Mr. Hongjoo Hahm, Officer-in-Charge, UNESCAP, cautioned that the region’s least-developed countries that were highly vulnerable to climate impacts yet highly constrained by narrow fiscal space and limited public climate finance, opening up a huge opportunity for private sector climate-smart investments across the region. He said, ‘Financial regulators and legislators are recognising the need to establish green taxonomies, clarify investor duties to ensure that environmental, social and governance (ESG) factors are incorporated into investment decisions, upgrade disclosures to make climate risks more transparent, and develop sustainability standards.’
Day one centered on ways, means and opportunities to grow green investment and finance in the Asian region, with concrete examples of green bond issuance from the perspectives of corporate and sovereign issuers, local and international investors, and external opinion providers. Green loans linked to environmental performance were highlighted as pioneered by several international banks and corporations based in Asia. The discussion focused on the significant potential for climate-aligned investment and identified barriers and how these could be addressed.
Day two considered several concrete financial instruments and initiatives initiated by RCC/UNFCCC/UNESCAP together with financial sector and government partners in Cambodia, Laos PDR, Myanmar, and Thailand. Using a Green Investment Catalyst approach - a three-phase process comprising Prepare/Catalyze/Continue deals were first incubated in the run-up and discussed in an open consultative dialogue.

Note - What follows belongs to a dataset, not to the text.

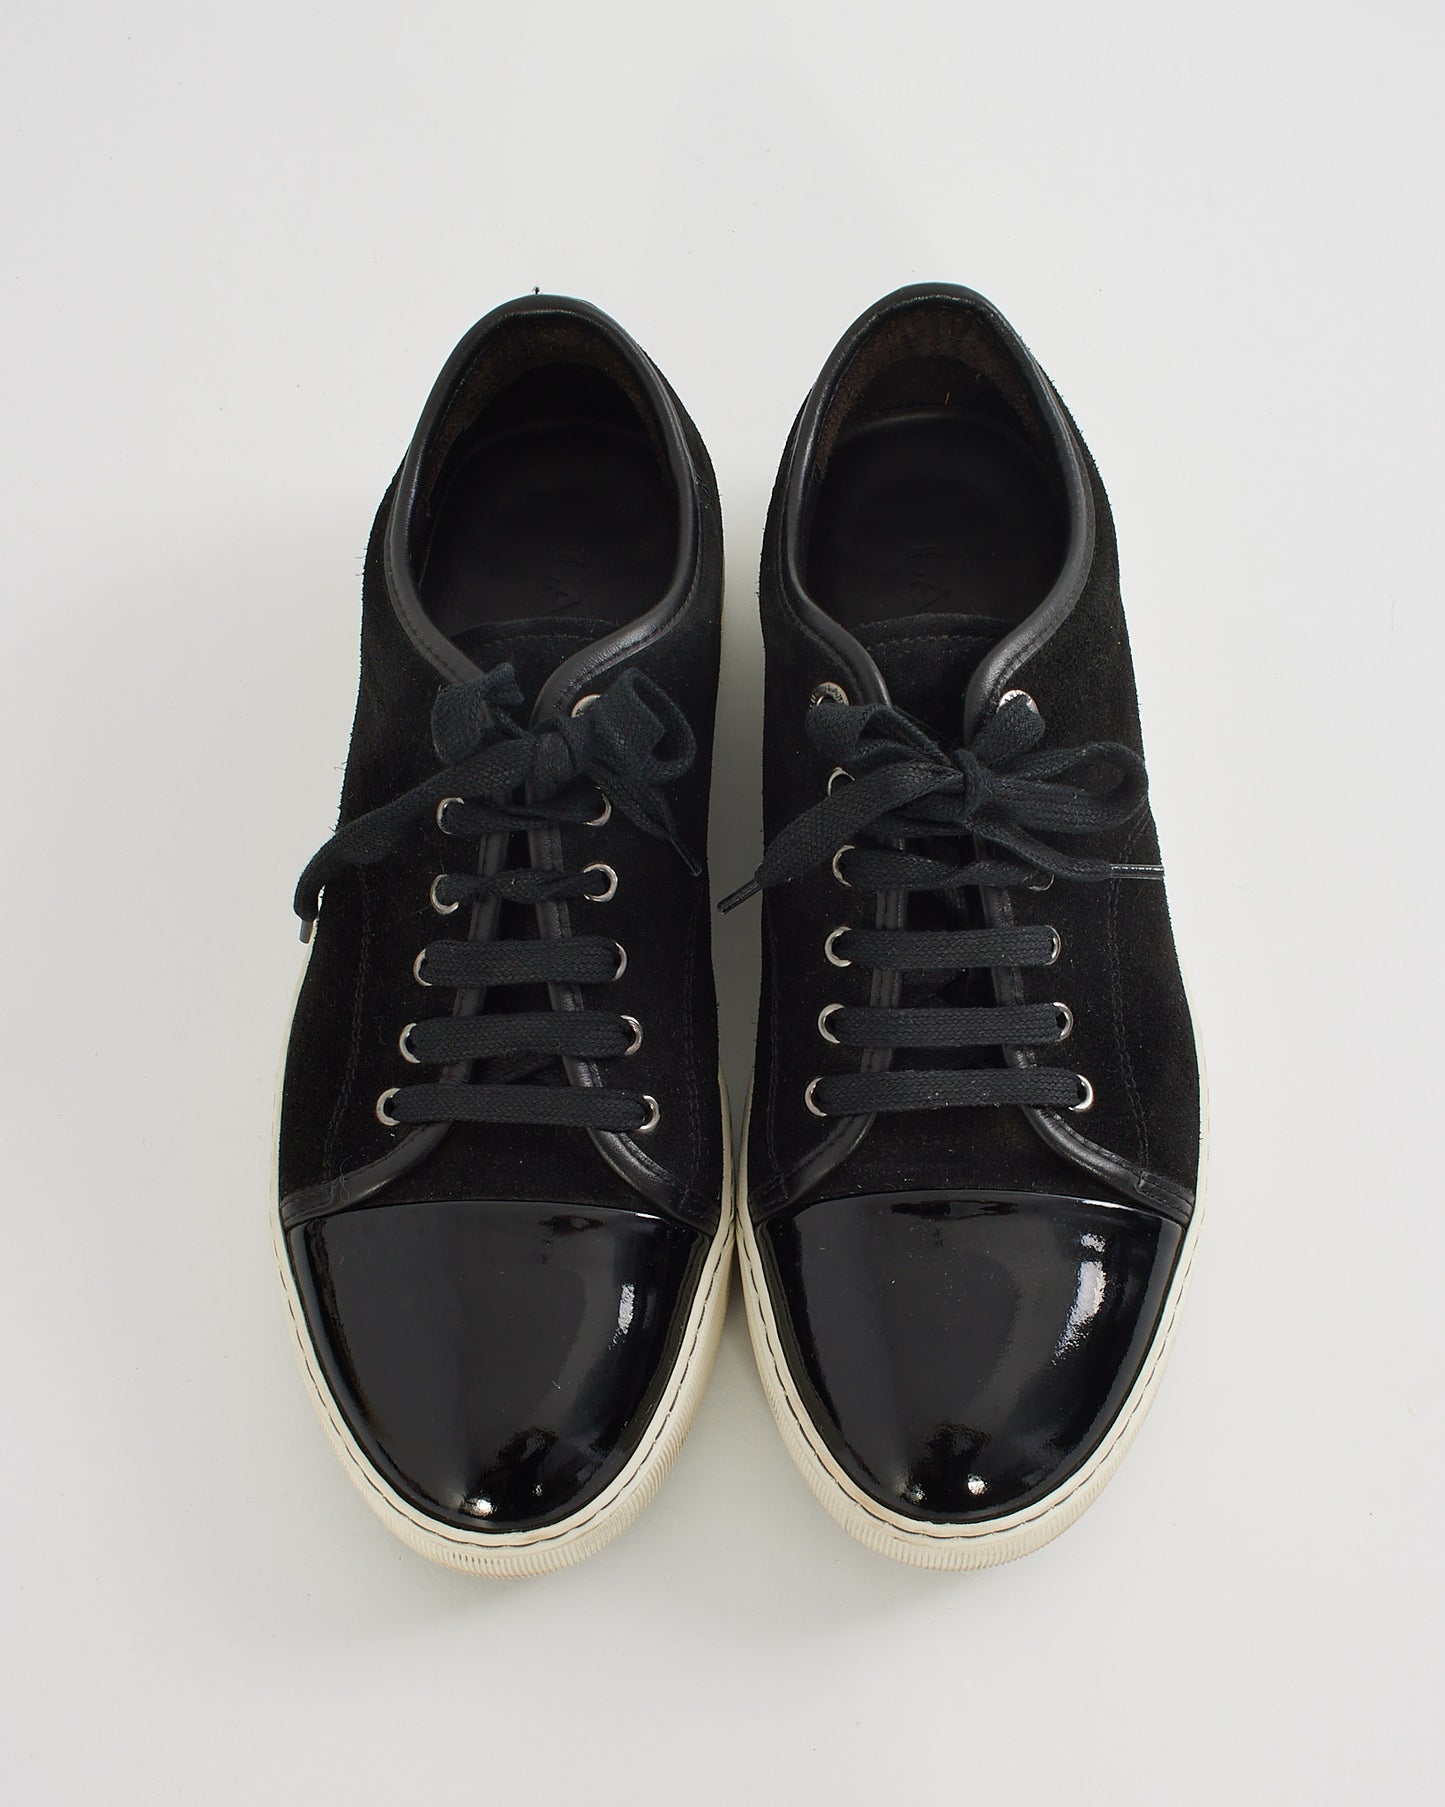 Lanvin Men's Black Suede DBB1 Low Top Sneakers - 8

All the initiatives aim to increase tangible private sector investments and projects on the ground that implement countries’ Nationally Determined Contributions (NDCs) and promote investment towards low emission and climate-resilient development strategies. They include:
- Sustainability Bond Facility for Micro Finance Institutions – A bond facility for financing on lending to micro finance institutions in the region
- Syndicated Regional Green Lending Facility – A loan facility to provide mid-scale syndicated concessional loans enterprises in the region
- Green lending facility for Asia Pacific – A lending facility aimed at smaller enterprises in Asia-Pacific
- Asia Pacific Green Bond Standard and Green bond impact monitoring – An initiative to adopt a region-wide green and social bond standard, with tools to ensure continued monitoring of climate and green impact after loan or bond issuance
The initiatives were well-received among participants, several offered tangible avenues of support in moving them to the next stage of the GIC process towards accelerated implementation.
Mr. James Grabert, Director of Sustainable Development Mechanisms at UN Climate Change, commented that the GIC supports “effectively translating policies, NDCs and national roadmaps into investment pipelines of bankable projects and providing risk-adjusted long-term returns for investors.”
Mr. Grabert added, “today, we are just planting the seed but we hope that some of these initiatives will grow bigger and succeed to help transform our economies to achieving these important goals for our planet and our future generations.”